Is a banker's job good
Secret bank - Bad Boy Banker? A job and its image
Reading time: 15 minutes
Let's imagine: There would be a long night - not the museums - but the banks. We could walk into any bank and ask questions that would be answered honestly: "When will I get a personal advisor who can be reached around the clock?" "What did your most successful dealer earn last year?" "How is your bank really doing?"
That will not happen. Banks remain places of well-kept secrets. Because discretion is everything and if there is transparency, then it is only under pressure from outside.
And so cultural workers and the public create their own idea of a bank, a banker. An idea that changes from decade to decade. How has the image of the industry changed and what is the background?
Ueli Mäder is a professor emeritus for sociology at the University of Basel. His work focuses on social inequality and conflict research. Among other things, he wrote: “How rich think and direct” (Rotpunktverlag 2010), “macht.ch”. Money and Power in Switzerland ”(Rotpunktverlag 2015). In May, “68 - What remains?” Will be published (Rotpunktverlag 2018).
The 1960s: savings, interest, mortgages
Ueli Mäder, professor emeritus for sociology at the University of Basel, has researched social inequality. He remembers banks in the 1960s as follows: “As a child, the savings column had its place and its meaning for me. Later, when I was a teenager, I deposited the money in a class account and we received interest. It felt like a present. "

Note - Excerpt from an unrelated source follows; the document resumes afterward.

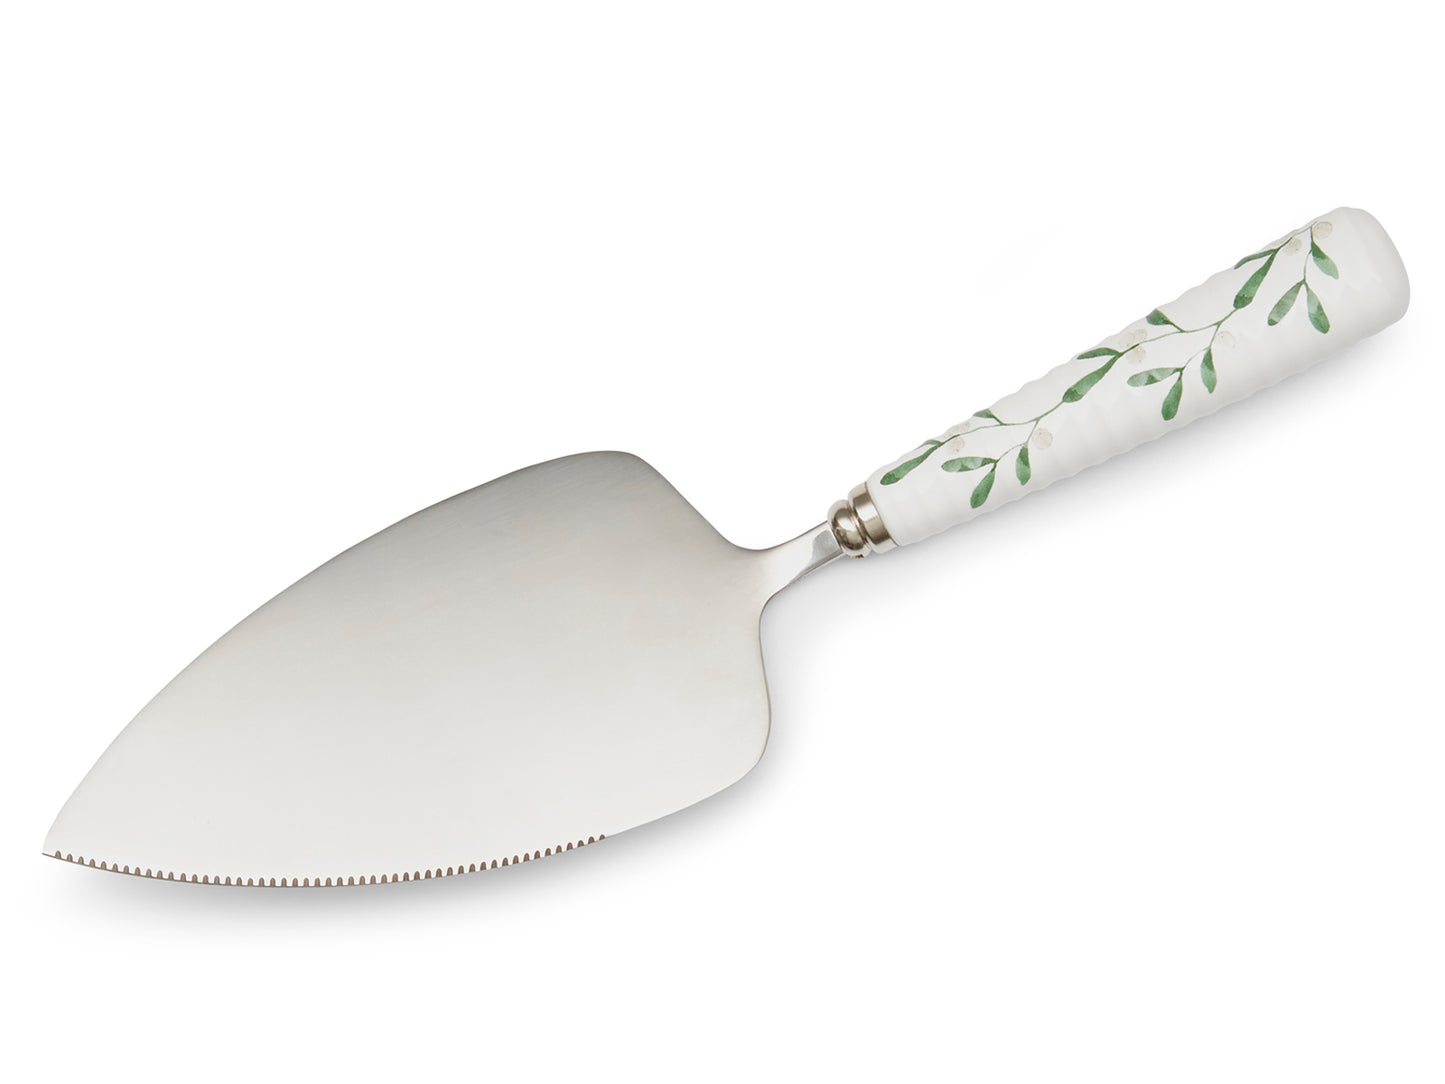 Part of Sophie Conran's Mistletoe range, this festive cake slice has a white porcelain handle that has been designed with Sophie's textured ripple effect and printed with a string of mistletoe. The slice itself is stainless steel and has a serrated edge that is perfect for slicing up a fruit cake to enjoy as a Christmas day dessert.

As a young adult he needed money for a trip and was in his bank: "The clerk looked sternly and said: 'Now money is going away." "That seemed to be something monstrous.
“Bank employees were honest, humble, cautious and paternalistic. A bank hiring manager once told me that a local bank manager drove up a Jaguar in those years. He was asked: 'What should people think?'
Symbolic figure of the banker in the 1960s: «The gentleman with the black bowler hat»: A crime comedy with Walter Roderer in the lead role. The plot goes like this: A bank employee falls in love with a millionaire's daughter, but is not befitting. He quits, steals three million from the bank, saves the world and Switzerland by twists of fate and the script, becomes a hero, the millionaire's daughter falls in love with him, he gives the money back and everyone lives happily ever after.
Image of the banker in the 1960s:Gray mouse, righteous, boring: a bank clerk.
Slogan of the decade: Saving is better than spending.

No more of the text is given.